Table S1. Summary of the programs and input parameters.
build_binaries-i / infile, containing the sequenced reads, required.
-o / outfile stub, prefixes ‘R’,’F’ (and ‘C’) will be added, optional.
-bl / create combined (C) overlap signal, if > 0 with this length. def 0
-p / outfile path, where files are to be placed, optional.
-so / store only start position of the fragment, default off.
-SAM / infile format
-GFF / infile format, additional parameters to this format below.
-d / delimiter used in the GFF-input file
-si / sequence identifier column in the GFF-input file, default 1
-fs / fragment start column in the GFF-input file, default 2
-fe / fragment end column in the GFF-input file, default 3
-sc / fragment strand column in the GFF-input file, default 4
-vc / fragment value column in the GFF-input file, if > 0 use this (integer) value instead of 1 as count of the fragment.
-BED / infile format, outfiles will be 1-based, additional parameters to this format below.
-si / sequence identifier column in the GFF-input file, default 1
-fs / fragment start column in the GFF-input file, default 2
-fe / fragment end column in the GFF-input file, default 3
-sc / fragment strand column in the GFF-input file, default 6
-WIG / infile format, outfiles will be 1-based, additional parameters to this format below.
-scale / scores in the WIG-input file will be multiplied with this value, useful if the scores are real-values and storage format is whole-number.
access_signal
-i / infile, single “.bin” file, required.
-o / outfile, required.
-q / query file, should contain start and stop, tab delimited.
-from / if single query, from this bp
-to / if signle query, to (including) this bp
-e / errorfile, defaults to 'err.txt', contains failed queries
-errSymb / errorsymbol, disables headers in the 'outfile' and 'errorfile' completely.
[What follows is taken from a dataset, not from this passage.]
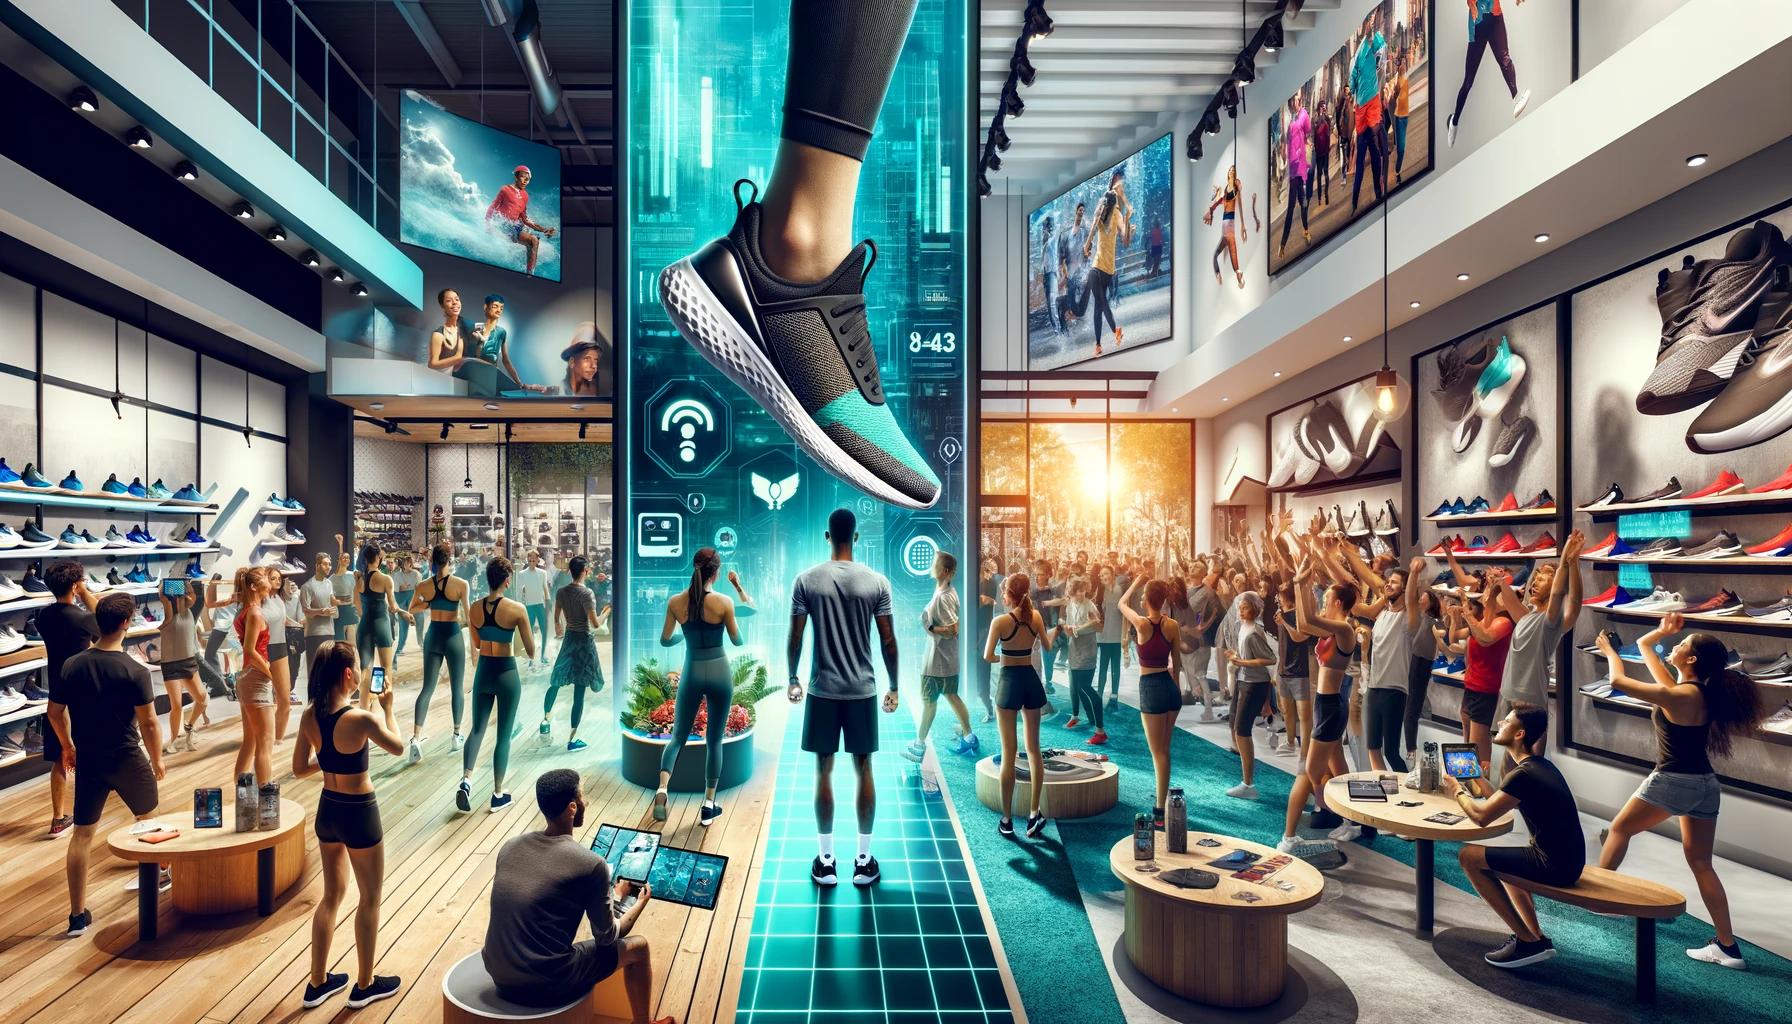 Split image of a sports retail store with AR technology and interactive displays on the left, and a lively community fitness class and product launch event on the right.

Writes the symbol instead in 'outfile'
-avg / toggle average (mean) signal in each query only (def. no)
make_footprint
-ip / infile path, correspond to ’-p’ for build_binaries
-is / infile stub, correspond to ’-o’ for build_binaries
-os / outfile stub, ‘F_’,’R_’ and (‘C_’) prefixes will be added.
-c / toggle combined (‘C_’), default off.
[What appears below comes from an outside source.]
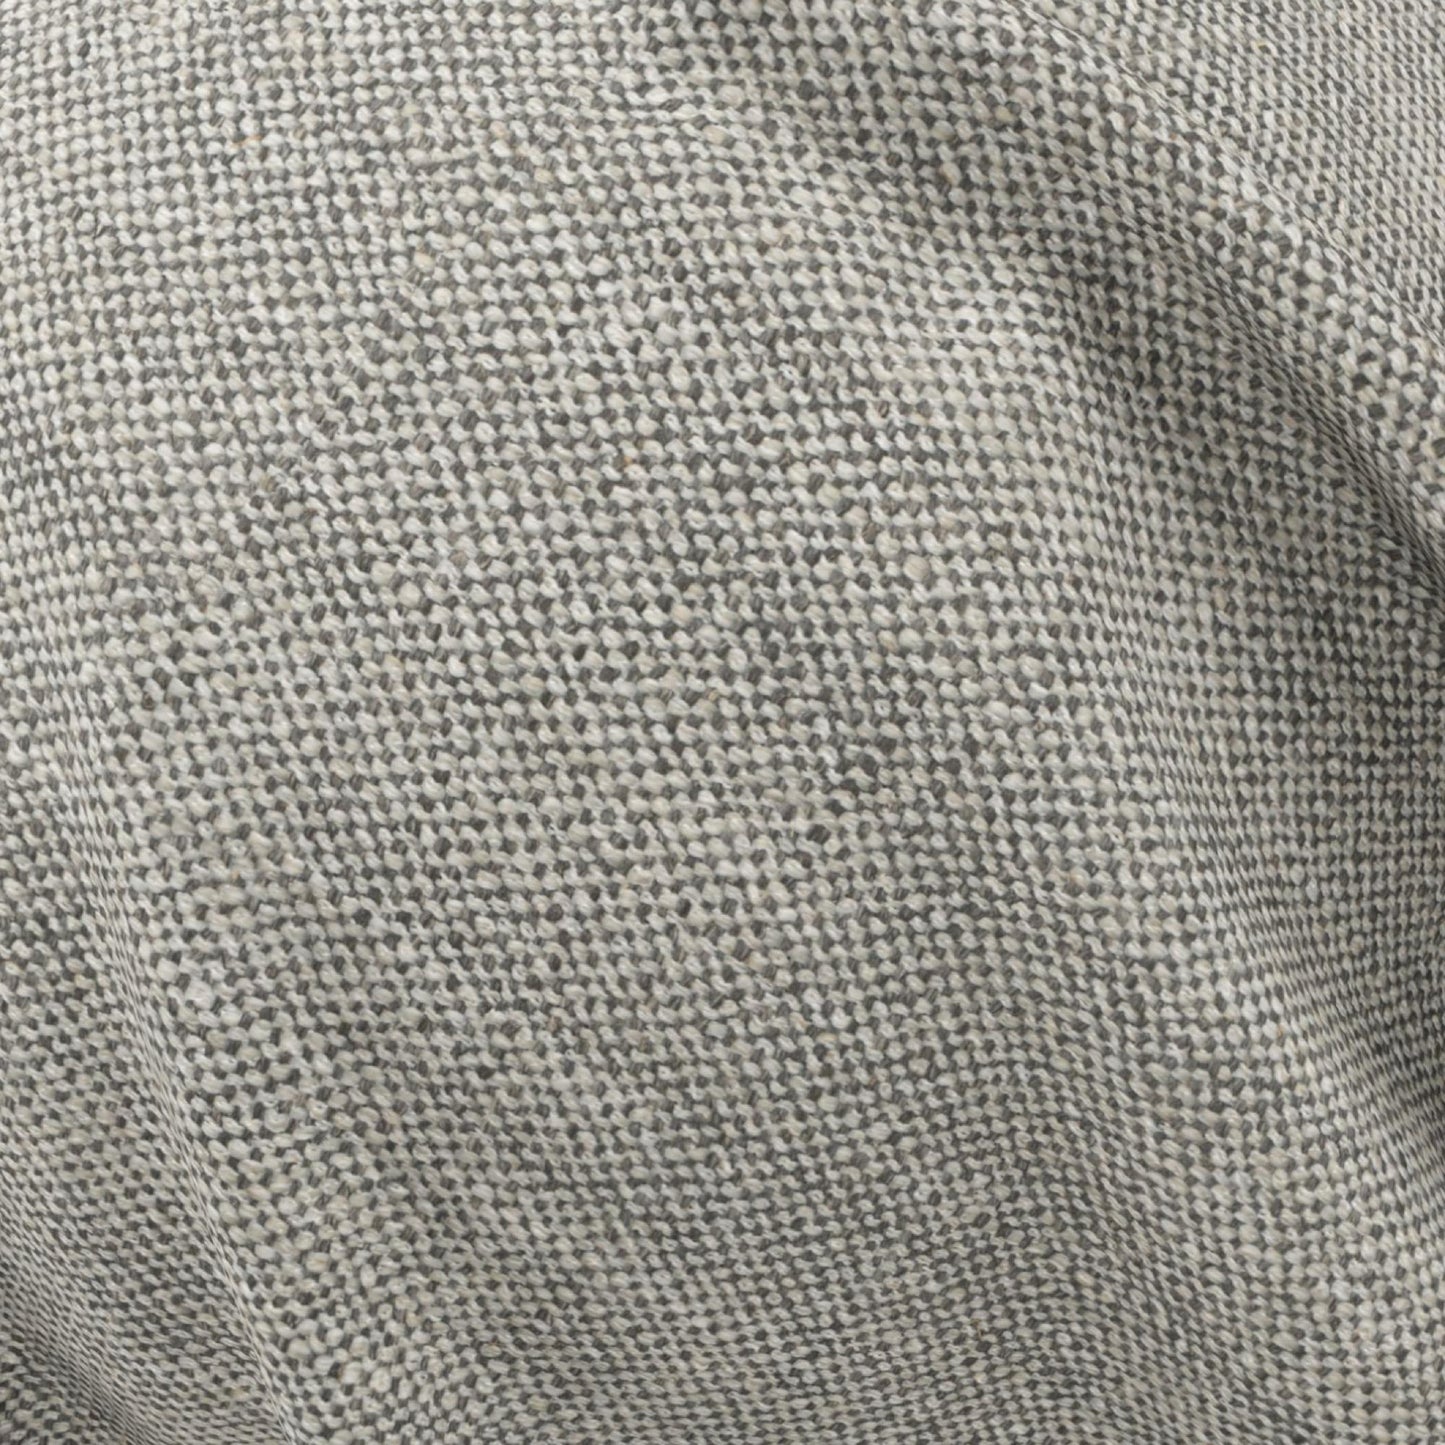 WEAVE WOOL FABRIC SAMPLE | MID RANGE COLLECTION

-q / query file, contains TSS position and strand (-/+), tab delimited, required.
-e / errorfile, defaults to 'err.txt', contains failed queries
-d / offset, how long distance +/- the TSS positions to consider default:5000
-p / toggle progress meter. default off
-s / score cutoff, at least one bp in the interrogated region must have at least this score to be included. default 0
-m / move offset, move (downstream) all the queries this many bp, default 0
Figure S1: MNase sequence specificity bias on internal exons.
The high sequence specificity (top row) of the MNase cut on the donor site just upstream of the human internal exons does not account for the nucleosome signal peak over the internal exons (bottom row). The high peak seen in the top left panel was artificially replaced by the mean in the region, excluding the value of the peak (bottom left).